If the following gadget can be found in ntdll.dll in the current 64-bit environment, branch 1 is taken. The function of this part of the gadget can be clearly seen from the assembly code of the comment: the four values at the top of the popup stack are given to the x64 call convention as the first four parameters of the register and returned.
Then find the kerner32!VirtualProtect function address, and pass it and the incoming shellcode to the function shown in the figure below. Replace the return address with the jit address override in the curruptJitStack function (this process is very similar to 32-bit), and when the jit function is returned, use rop to set the address of the shellcode to be executable. Then call replaceJitApply64 to call and execute the shellcode. The replaceJitApply64 function uses the method leaked by HackingTeam to bypass the CFG, which is to overlay the virtual table address of the FunctionObject.Apply() method. The replaceJitApply64 method will be introduced in branch 2.

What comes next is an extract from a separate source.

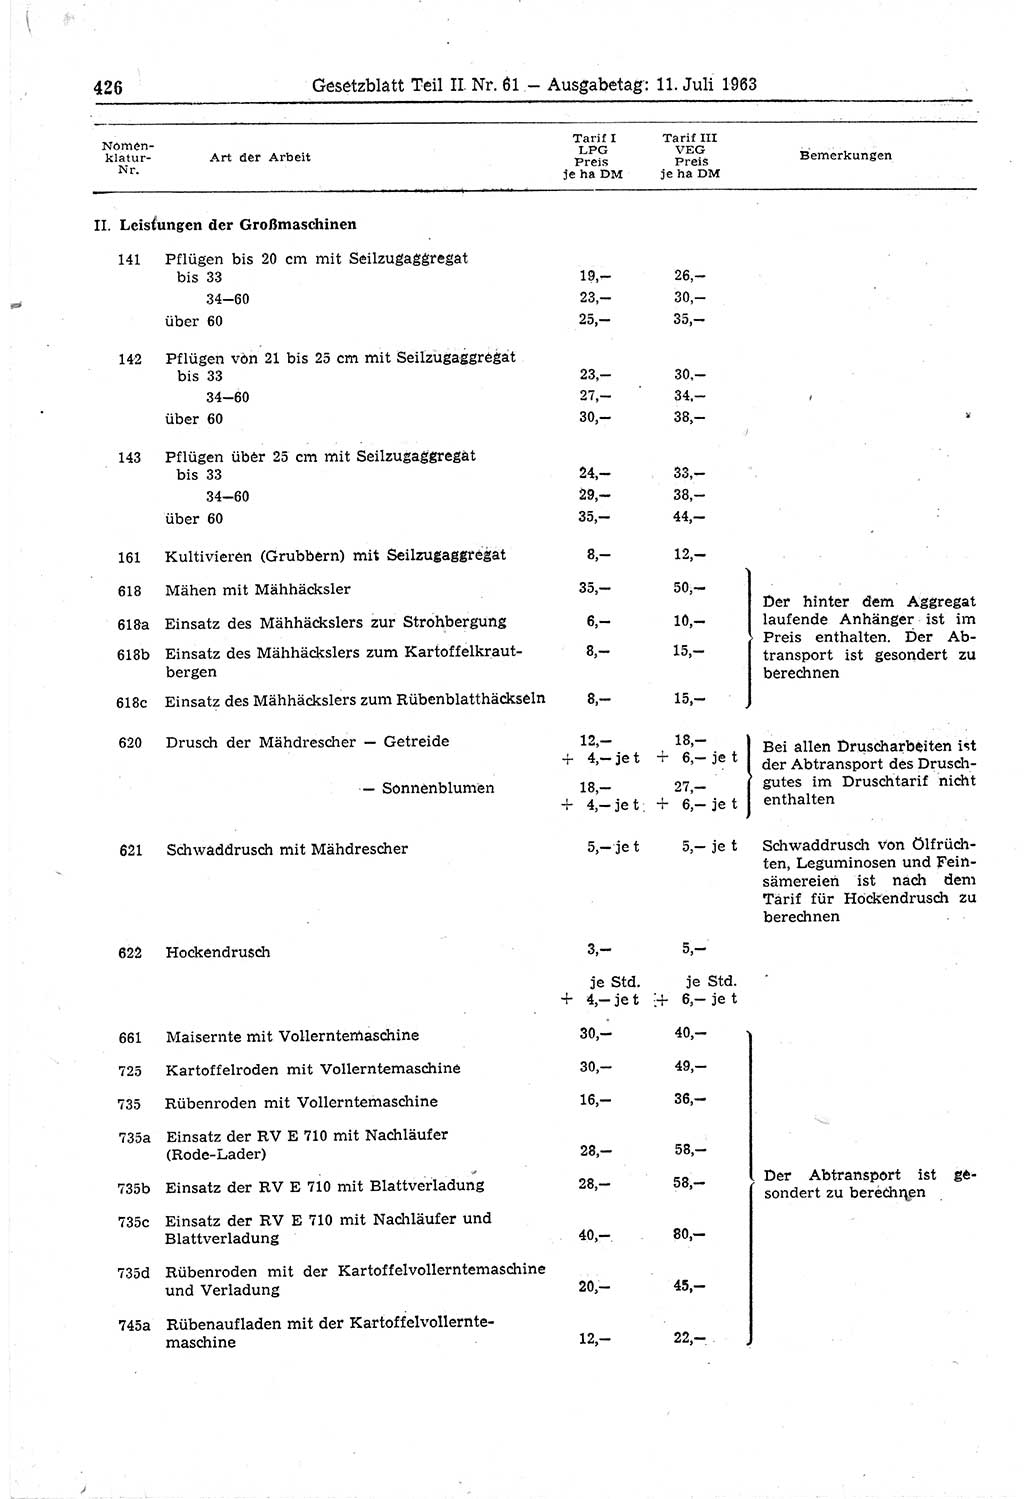 Gesetzblatt (GBl.) der Deutschen Demokratischen Republik (DDR) Teil ⅠⅠ 1963, Seite 426 (GBl. DDR ⅠⅠ 1963, S. 426)

If the ntdll.dll of the current process does not find the gadget required by branch 1, then enter branch 2, which uses the method of overriding the virtual table address of the FunctionObject.Apply() method.
Let's take a closer look at replaceJitApply64. If you are familiar with the previous exploit code from HackingTeam, it is easy to understand the following code:
Branch 2 will call the replaceJitApply64 function twice. The first time is to call the kernel32!VirtualProtect function to set the execution permission of the shellcode. First define a ByteArray object ba in the function, and then place the shellcode in the head of ba.array.
Then you will find the virtual table of the ExecMgr object, copy the 8 bytes before the virtual table and the first 0xE4/8 virtual function addresses of the virtual table to the beginning of the len(shellcode) of ba.array (forged virtual table).
Then overwrite 8bytes of the forged ExecMgr virtual table in +0x30, which is the virtual function address corresponding to the apply method. Then overwrite the virtual table pointer of the ExecMgr header, set the value of the relevant register and the value of the relevant object offset to construct the four parameters required by the VirtualProtect function. Afterwards, call the apply method to call VirtualProtect and set all the overridden values to the previous values after the call ended to avoid crash. A detailed description of this part can be found in this blog. The comments in the figure below are also very detailed:
After the call, return to the previous function, then call the replaceJitApply64 method again. Replace the virtual function address corresponding to the apply method with the address of shellcode+0x8 and execute the shellcode. After executing the shellcode and returning to the Flash code, the whole process will not cause any crash.
CVE-2018-5002 is a high-risk vulnerability in the avm2 interpreter. The vulnerability is of high quality and has a wide range of potential targets. It can be observed from the compilation log of the original flash exploitation that the entire framework compilation can be dated back to as early as 2018.2.7. Through our analysis, we can see that exploitation code is very versatile and stable. If it’s used by the attacker, it may cause great damage.